Education   (1697 September or October)

Location:   Bodleian Library, MS. Locke c. 24, ff. 196-197.

Description:   Draft letter in Locke’s hand to Carey Mordaunt, Countess of Peterborough, giving advice on the education of her son. The draft is endorsed “Education 97 To the Countesse of Peterborow.”

Publications:

  1. [extracts] The life of John Locke : with extracts from his correspondence, journals and common-place books / by Lord King. – London : H. Colburn, 1829. – pp. 5-6.
  2. The educational writings of John Locke : a critical edition / with introduction and notes by James L. Axtell. – Cambridge : University Press, 1968. – pp. 393-396. [Locke #562]
  3. The correspondence of John Locke / edited by E.S. de Beer. – Oxford : Clarendon Press, 1976-89. – vol. 6:212-216 [Locke #847, letter 2320]
  4. Selected correspondence / John Locke ; edited by Mark Goldie from the Clarendon edition by E.S. de Beer. – Oxford : Oxford University Press, 2002. – pp. 251-254.
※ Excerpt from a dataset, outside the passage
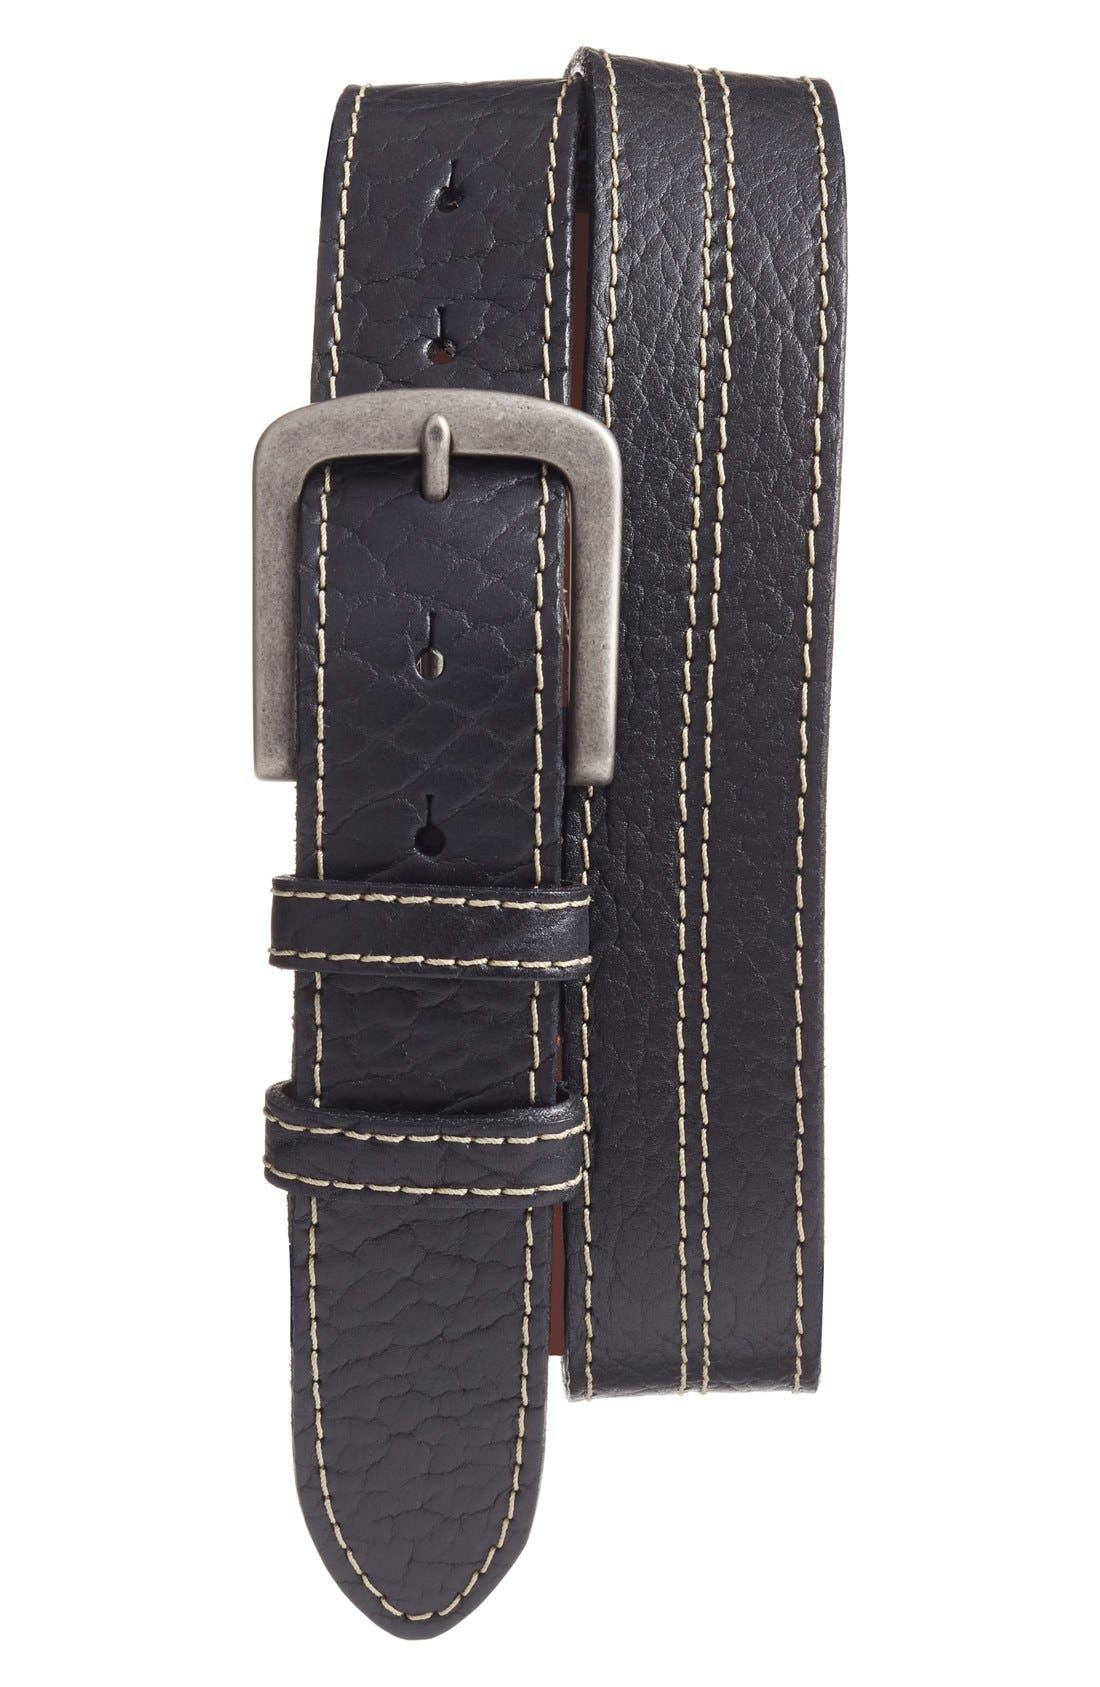 Alternate Image 1 Selected - Torino Belts Bison Leather Belt

Discussions:   Axtell, publication #2 above, pp. 392-393; De Beer, publication #3 above, vol. 6:211; Yolton & Yolton (ed.), Some thoughts concerning education (1989), p. 68.

Prophetia   (1697)

Location:   Adversaria 1661, pp. 318-319.

Description:   A note with the marginal caption “Prophetia” and dated [16]97. The hand is that of Timothy Kiplin and is not signed by Locke.

Publications:   None

Spirit, soul, and body   [1697 or later]

Location:   Bodleian Library, MS. Locke c. 27, ff. 131-137.

Description:   Miscellaneous undated notes by Locke on the concepts of spirit, soul, and body in the New Testament, relating to the interpretation of 1 Thessalonians V.23, to which Locke refers in the Preface to his Paraphrase and notes on the Epistles of St. Paul. The captions “Spirit, Soule, and body” and/or “1 Thess. V.23” appear on several pages of the manuscript. Some of the notes consist of lists of passages in the New Testament (ff. 134-136).

Publications:

  1. [ff. 131-134r only:] “Testi teologico-filosofici lockiani dal MS. Locke c.27 della Lovelace Collection” / a cura di Mario Sina. // IN: Rivista di filosofia neo-scolastica. – 64 (1972):405-408.
  2. [ff. 131-134r only:] A paraphrase and notes on the Epistles of St Paul to the Galatians, 1 and 2 Corinthians, Romans, Ephesians / John Locke ; edited by Arthur W. Wainwright. – Oxford : Clarendon Press, 1987. – (The Clarendon edition of the works of John Locke). – vol. 2:675-678. [Locke #720]

Discussions:   Sina, publication #1 above, pp. 403-405; Wainwright, publication #2 above, p. 675.